The economy of California largely depends on high-quality water originating in the Sierra Nevada and diverted to distant locations. Hydropower generated from falling water has been extensively developed throughout much of the mountain range. Watersheds with continuous vegetative cover and healthy riparian areas provide the highest-quality water, which requires little or no treatment for human uses. The connection between watershed condition and downstream quality is rarely recognized by water users. Almost none of the high economic value of water at its end use is returned to the source area. If maintaining and restoring the conditions contributing to water availability and quality become an objective, then some of the value of water would need to be reinvested in the source areas. Other institutional changes in water allocations could lead to more efficient water delivery to higher-valued uses at lower environmental costs.

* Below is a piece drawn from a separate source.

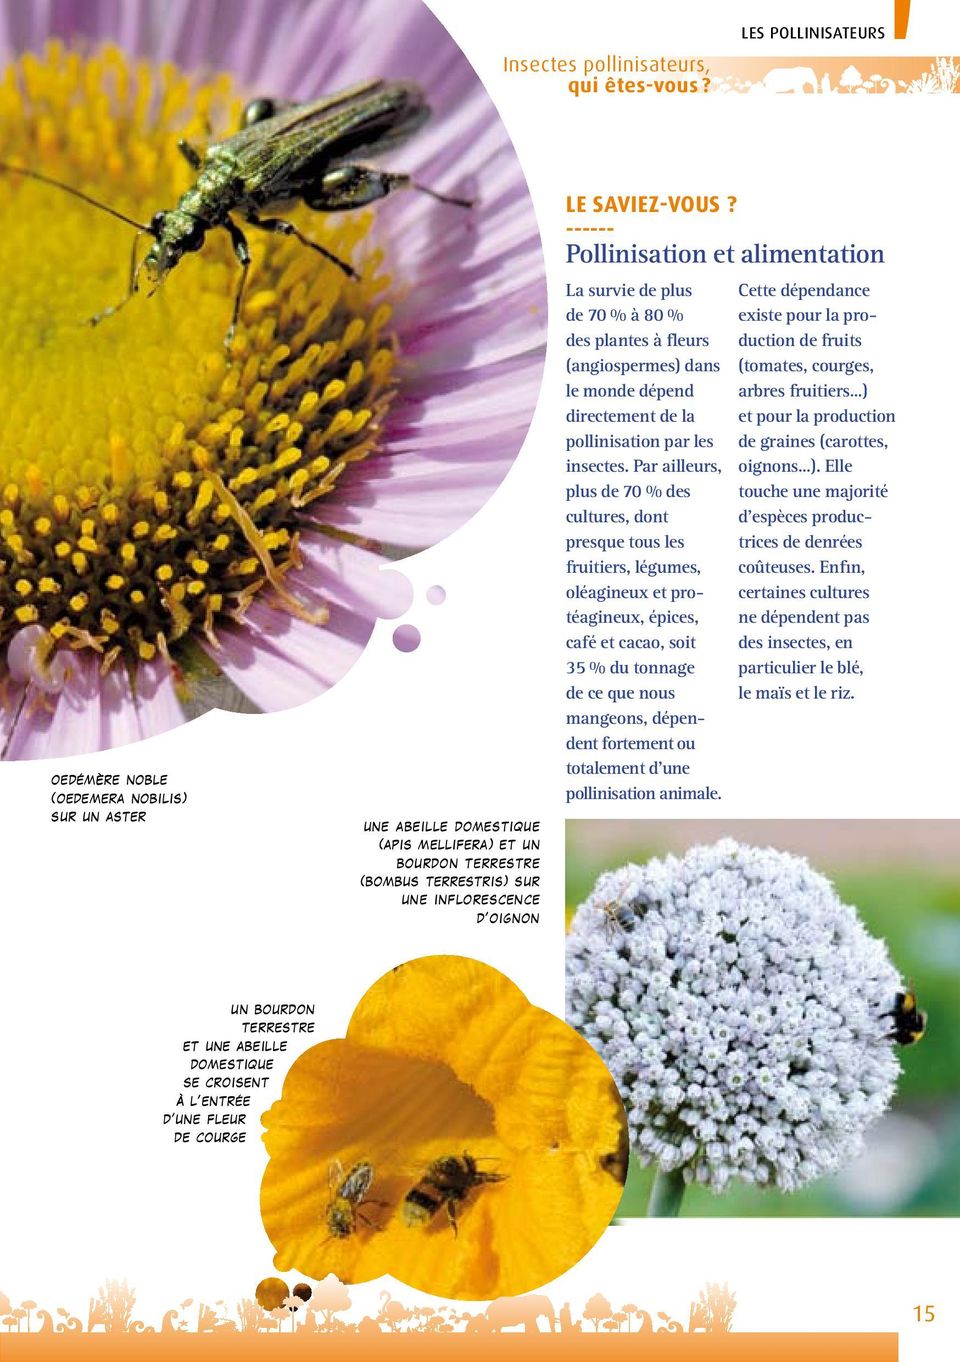 ------ Pollinisation et alimentation La survie de plus de 70 % à 80 % des plantes à fleurs (angiospermes) dans le monde dépend directement de la pollinisation par les insectes.

Watershed management is an alternative means of organizing agencies and coordinating between those agencies and citizens groups. Within each river basin, one existing management agency could assume leadership in organizing watershed efforts, or different organizations could cooperate in a mutually acceptable framework. The regulatory and adjudicative regional water quality control boards may be subdivided along watershed lines so as to facilitate such organization. In some cases, small changes in watershed management could create substantial improvements in aquatic systems at small cost to those who make the changes; in other cases, costly managerial changes may have little biotic effect. There is a need to identify when voluntary cooperation, compensation, and prescriptive enforcement are likely to work best.
The primary criteria for measuring success of improved water and land management are improvements in the status of imperiled species and in water quality, especially sediment. Maintenance of populations of aquatic and riparian species that are currently stable, and nondegradation of currently high water quality are other important criteria. The success of new institutional arrangements and funding mechanisms could be evaluated on an efficiency and equity basis, but the status of aquatic ecosystems should be the basis for assessing new programs.